Fixées par l’expert à 1,5/7, les souffrances endurées seront indemnisées par le versement de la somme de 3 000 euros.
Le préjudice esthétique temporaire :
Ce poste vise à réparer le préjudice né de l’obligation pour la victime de se présenter temporairement au regard des tiers dans une apparence physique altérée en raison de ses blessures.
Ce poste de préjudice n’a pas été retenu par l’expert. L’expert fait toutefois mention du port d’un collier cervical durant 21 jours.
Il y a donc lieu de retenir ce poste de préjudice. Cependant, en raison de la courte durée du port du collier cervical, il y a lieu de ramener la somme demandée à de plus justes proportions, en l’espèce, la somme de 500 euros.
Les Préjudices Extra-Patrimoniaux Permanents :
Le déficit fonctionnel permanent :
Ce poste de préjudice cherche à indemniser le préjudice extra-patrimonial découlant de l’incapacité médicalement constatée et à réparer ses incidences touchant exclusivement la sphère personnelle de la victime, soit non seulement les atteintes aux fonctions physiologiques de celle-ci mais aussi la douleur permanente qu’elle ressent, la perte de la qualité de vie et les troubles dans ses conditions d’existence après consolidation.
Compte tenu des séquelles conservées par la victime, il a été estimé par l’expert à 1 %. Etant âgée de 34 ans lors de la consolidation de son état, il y a donc lieu de l’indemniser par l’allocation de la somme de 1 770 euros (1 770 euros le point).
RÉCAPITULATIF
— déficit fonctionnel temporaire 681 euros
— souffrances endurées 3 000 euros
— préjudice esthétique temporaire 500 euros
— déficit fonctionnel permanent 1 770 euros
TOTAL 5 951 euros
PROVISION A DÉDUIRE 2 000 euros
RESTE DU 3 951 euros
La compagnie XL INSURANCE COMPANY SE sera condamnée à indemniser Madame [N] [E] à hauteur de ce montant en réparation de son préjudice corporel consécutif à l’accident du 14 février 2020, après déduction de la provision.

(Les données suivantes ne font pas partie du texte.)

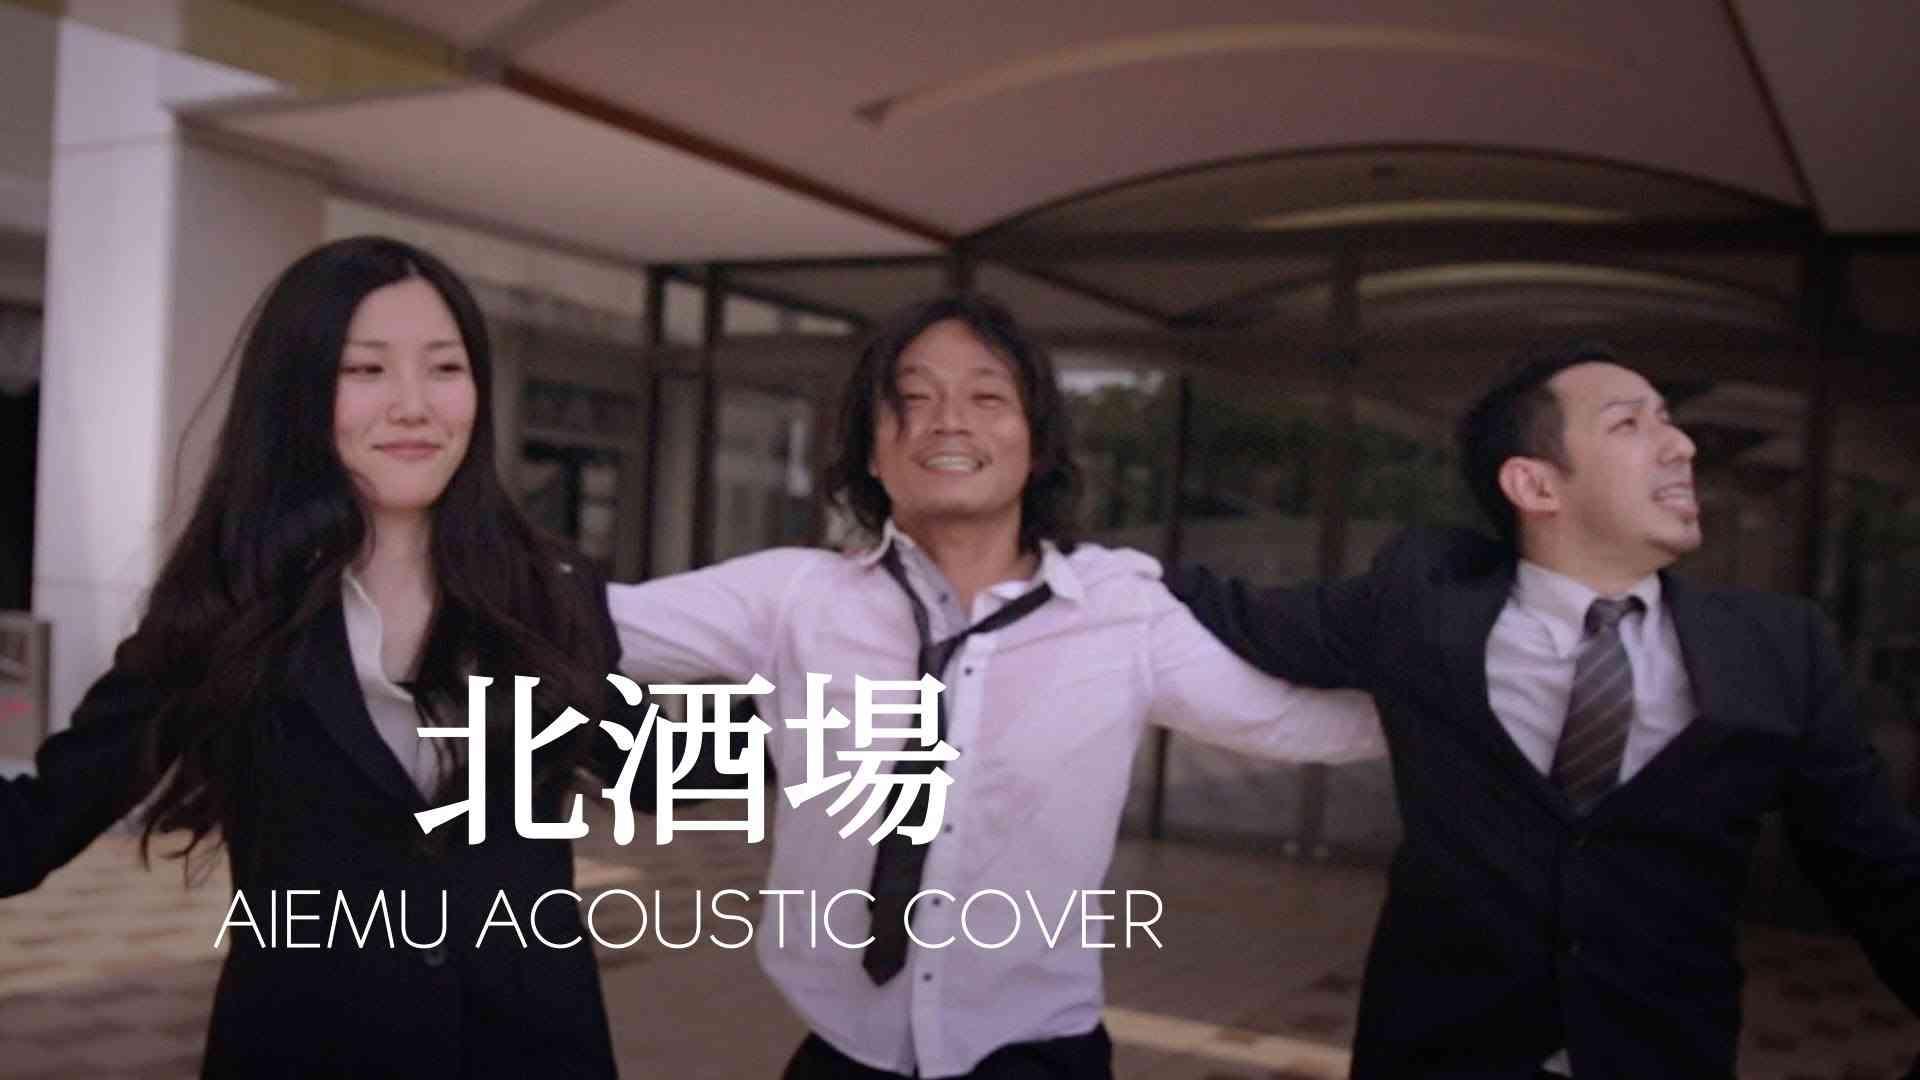 北酒場 - 細川たかし(愛笑む acoustic cover) - YouTube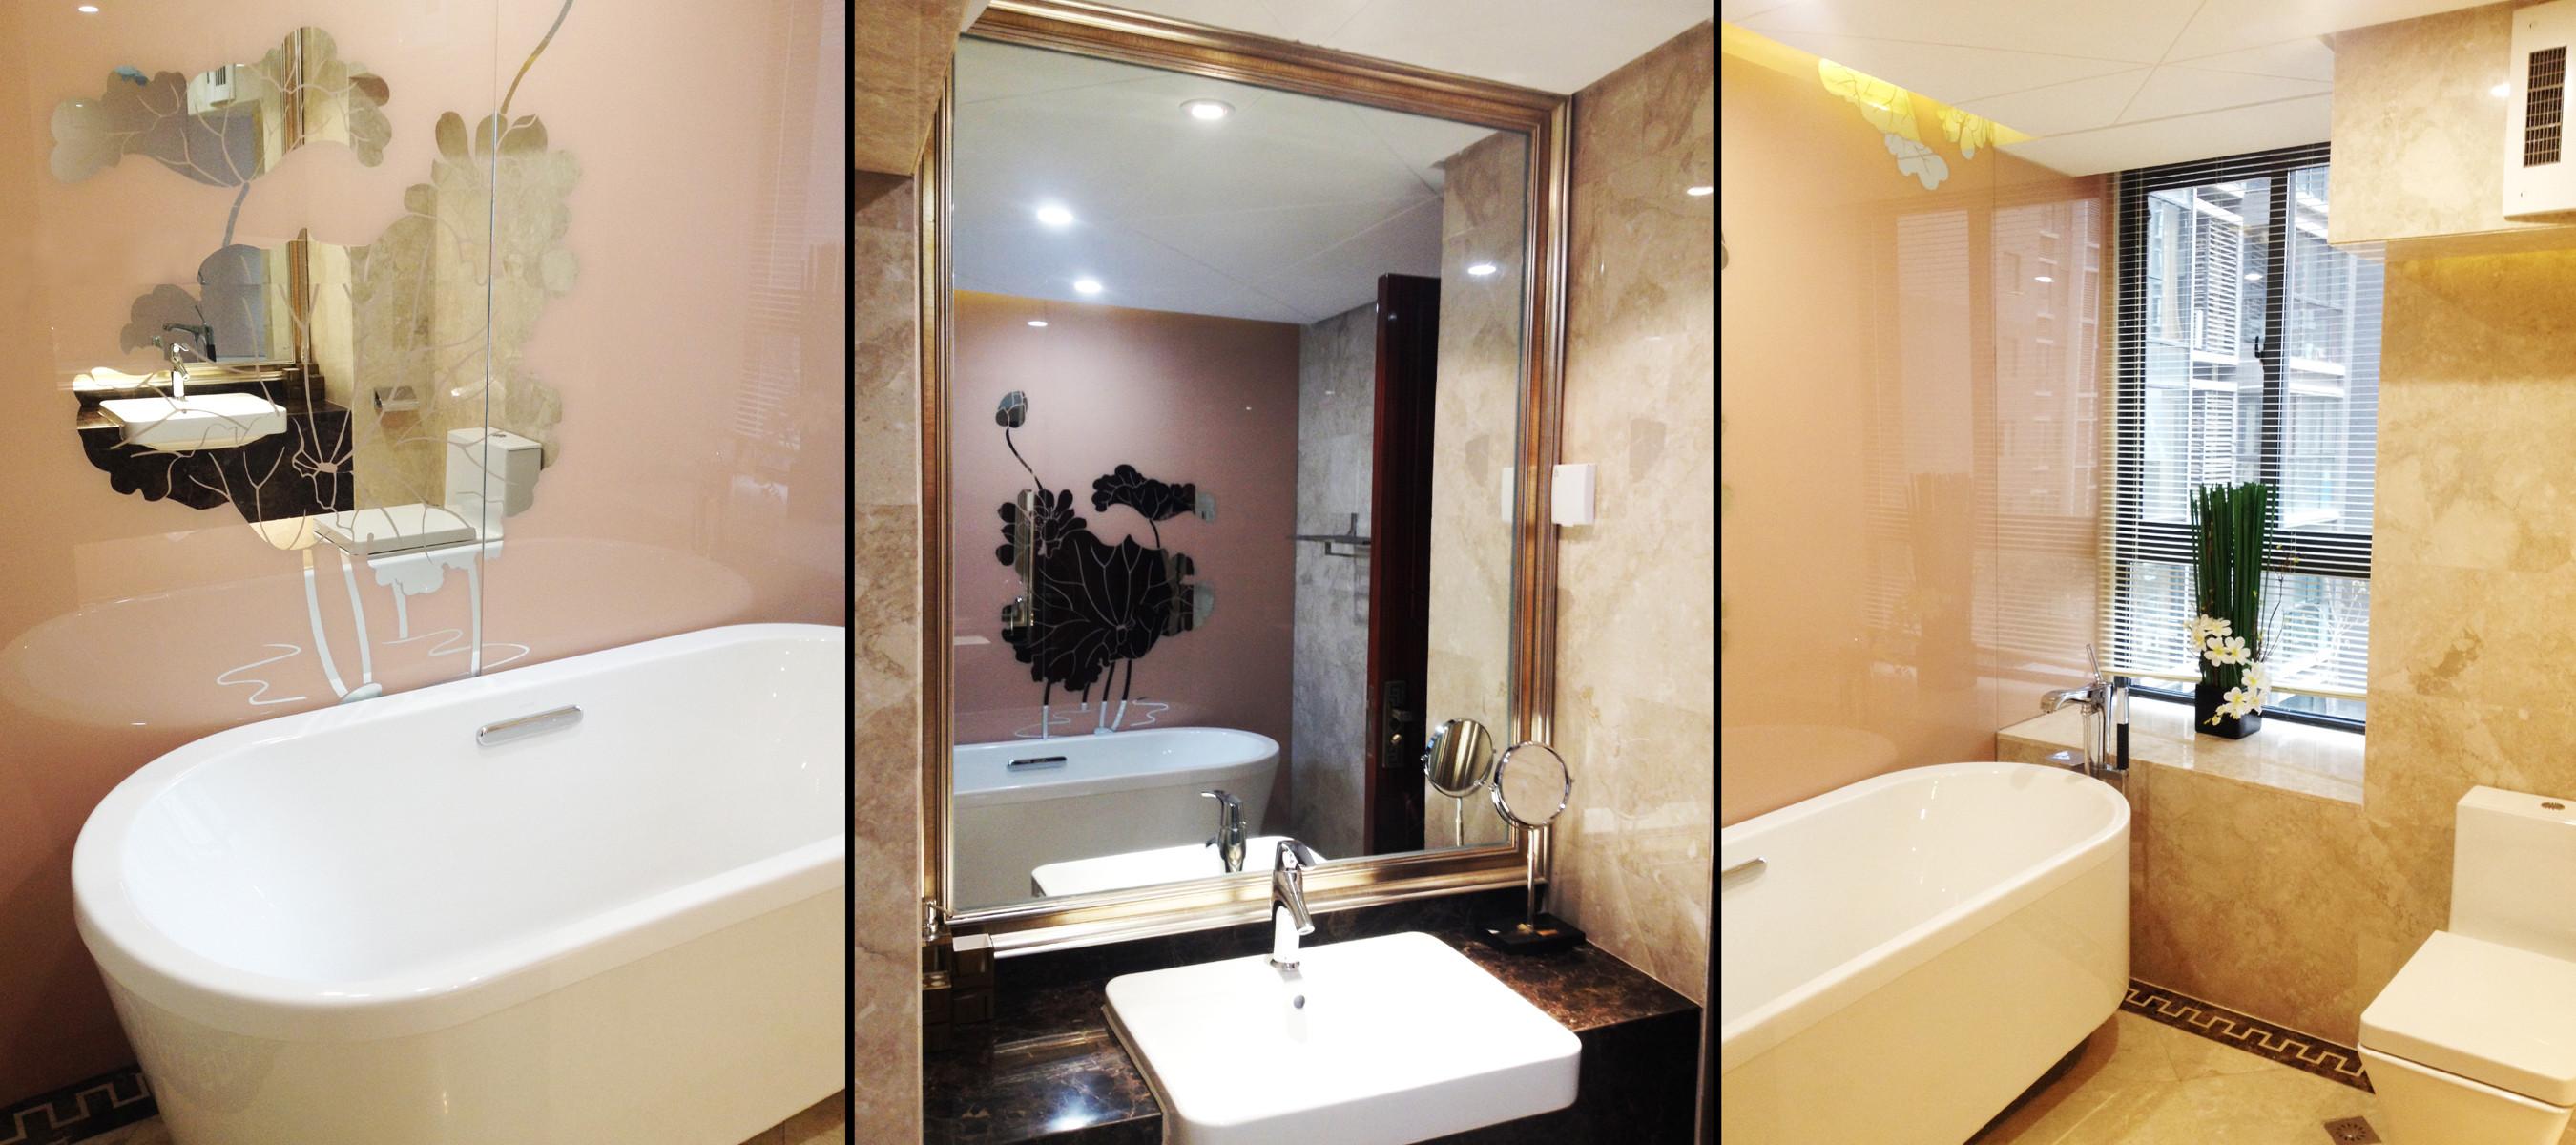 大户型中式后现代装修浴缸设计

En application de l’article 1231-7 du code civil, cette somme portera intérêts au taux légal à compter du prononcé du jugement.
Sur les demandes accessoires
Conformément à l’article 696 du code de procédure civile, la compagnie XL INSURANCE COMPANY SE, partie succombante, sera condamnée aux entiers dépens de la présente procédure.
Madame [N] [E] ayant exposé des frais pour obtenir la reconnaissance de ses droits, il est équitable de condamner la compagnie XL INSURANCE COMPANY SE à lui payer la somme de 1 300 euros en application de l’article 700 du code de procédure civile.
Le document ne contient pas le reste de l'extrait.